Sex! Blood! Superheroes!

Title: Watchmen (2009)  
Director: Zack Snyder 
Writer: Dave Gibbons  //  David Hayter  //  Alex Tse 
Studio: Warner Bros.  

IMDb Plot: In 1985 where former superheroes exist, the murder of a colleague sends active vigilante Rorschach into his own sprawling investigation, uncovering something that could completely change the course of history as we know it. 

Joe Says:  Watchmen, the graphic novel, was a game changer. Watchmen, the movie, is a multi-layered mystery that uses superheroes as the backdrop... but is mostly a surface-level excuse to have fun with costumes.

Watchmen is the latest adaptation by filmmaker Zack Snyder, whose film 300, based on the Frank Miller comic book series of the same name, became a $210 million phenomenon in 2006. Watchmen is also the latest adaptation from the works of Alan Moore (V For Vendetta, From Hell, and, ahem, League Of Extraordinary Gentlemen), much to the recluse creator’s dismay, who has admonished all such work. Watchmen, the comic, is deemed sacrosanct among the fanboy faithful and is considered to be a culture-crossing read. The graphic novel has been defined as a thinking-man’s comic while also being a catalyst of change within its own genre introducing more mature themes into the world of multi-colored tights and masks.

Watchmen Movie Review

Watchmen, the film, is essentially a murder mystery that takes place in an alternate 1985 where Nixon is still president, the U.S. won the war in Vietnam, and superheroes are illegal. The Comedian, a costumed hit-man, is murdered causing another costumed hero, Rorschach, an ink-face blotted, overcoat-wearing detective of sorts who provides the film’s ongoing monologue, to believe there is a growing conspiracy against former heroes. This conspiracy begrudgingly reunites some of these watchmen as they launch their investigation. Murder, violence, and blood, lots of blood, follows.

watchmen-comedian-death
Death of the Comedian. Art by Dave Gibbons

Snyder and screenwriters David Hayter and Alex Tse provide a faithful adaptation of the graphic novel providing exact panel-by-panel reproductions in some cases and maintaining a healthy majority of the original dialogue. Coupled with spectacular F/X work, most noticeably on the electric-blue CG-character Dr. Manhattan, the film looks professional, real, and even scary. Where the film takes liberties is with the staggering amount of violence and gore added, a realm in which Snyder seems to reign.

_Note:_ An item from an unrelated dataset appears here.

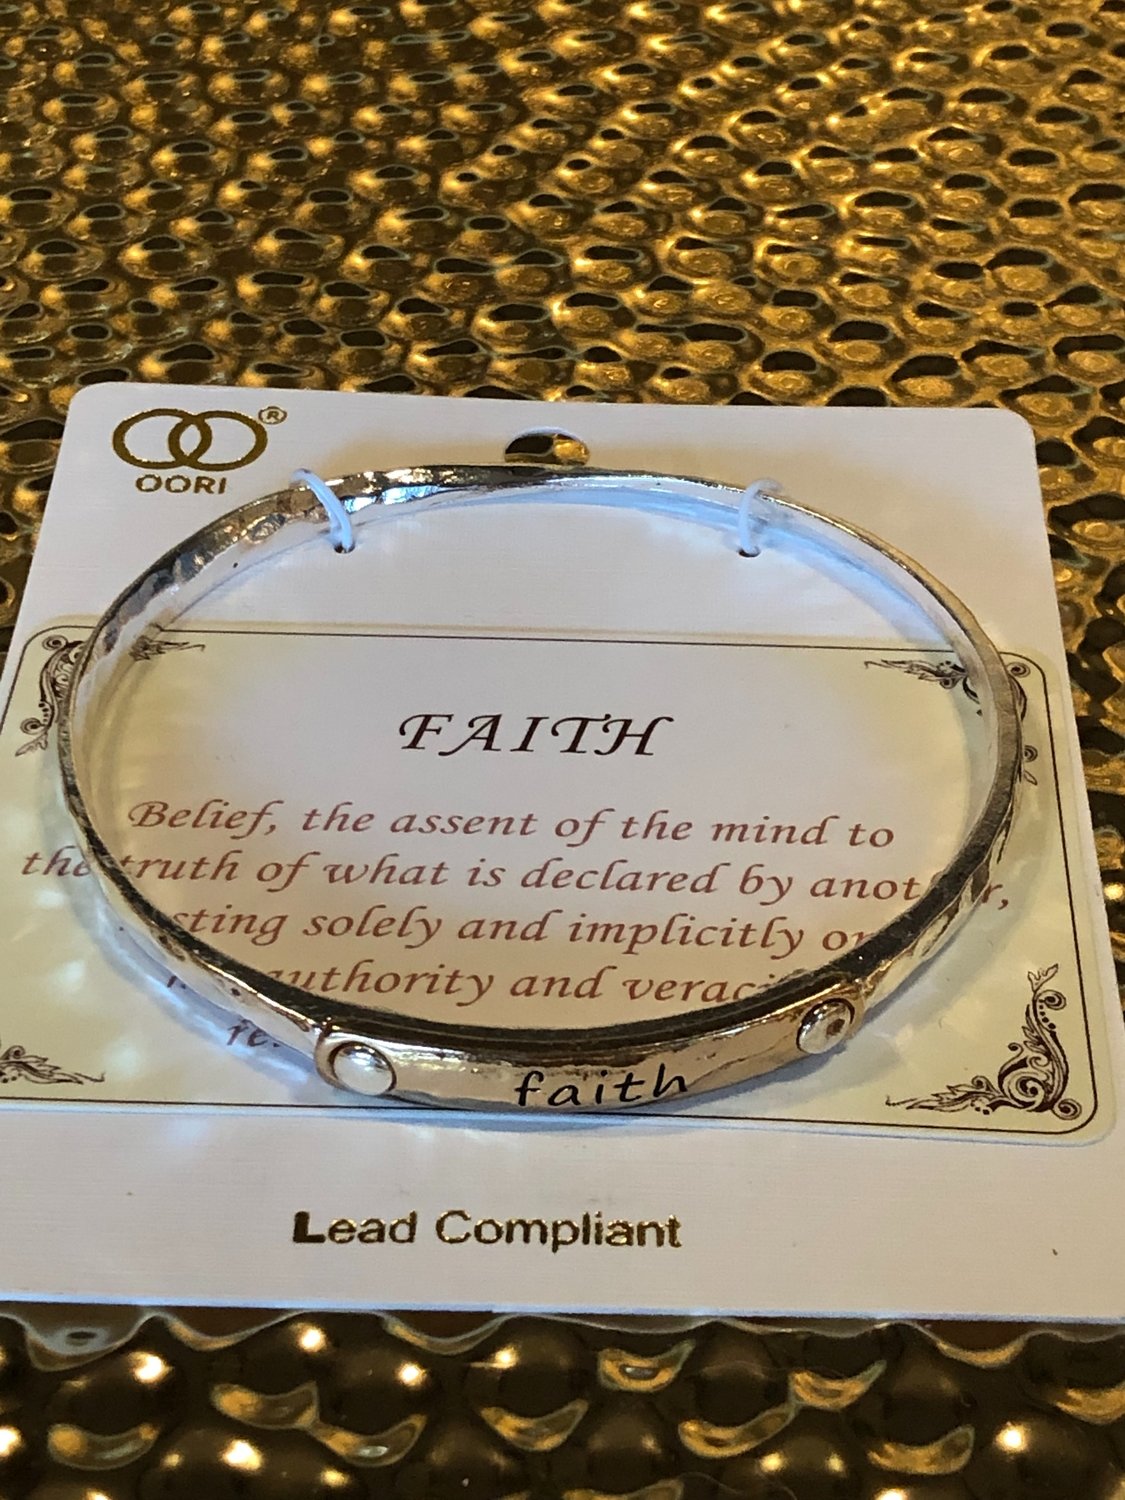 "FAITH" mantra bracelet

watchmen-rorschach-drmanhattan
Rorschach, Dr. Manhattan. Art by Dave Gibbons

Watchmen, as story, is definitely R-rated material. Rape, impotency, sex, and the aforementioned Dr. Manhattan, who is naked for most of his screen time (he no longer requires clothes for he neither modest nor requires their protection), certainly sets this story thematically apart from the recent Iron Man and Dark Knight hits. But as genre-breaking as the initial story might have been, Watchmen is still a genre film and must abide by certain parameters that bind together such genre pieces. These are all ignored allowing instead the glorification of violence and a level of gore more suitable for Snyder’s zombie film than his superhero one. Violence and superhero action can go hand-in-hand and Snyder does use such to lengthen scenes noticeably shorter in their original form, like Comedian’s murder. In other instances, such as the disturbingly-powerful near-rape scene, and a mugging attempt on two of the former heroes, the violence detracts from the hero’s true path, and used instead to shock the mainstream audience and satiate the teenage videogamer. Whereas the source material might have been a game-changer to an audience accustomed to secret identities and dastardly villains,  Moore and Gibbons presented a mature murder-mystery complete with a whodunnit reveal ala Agatha Christie. Snyder instead focuses on the horrific side of action, earning the R-rating not for mature, complex themes, but for hard, brutal violence shocking to those expecting another entry into the Spider-Man or Batman realm.

Watchmen is a sophisticated, multi-layered mystery that uses superheroes as the backdrop and is not easily compared to films such as the X-Men but this isn’t quite the game-changer it could have been. For all its broken tropes, Synder ignores most of the book’s commentary for yet another surface-level excuse to have fun with costumes.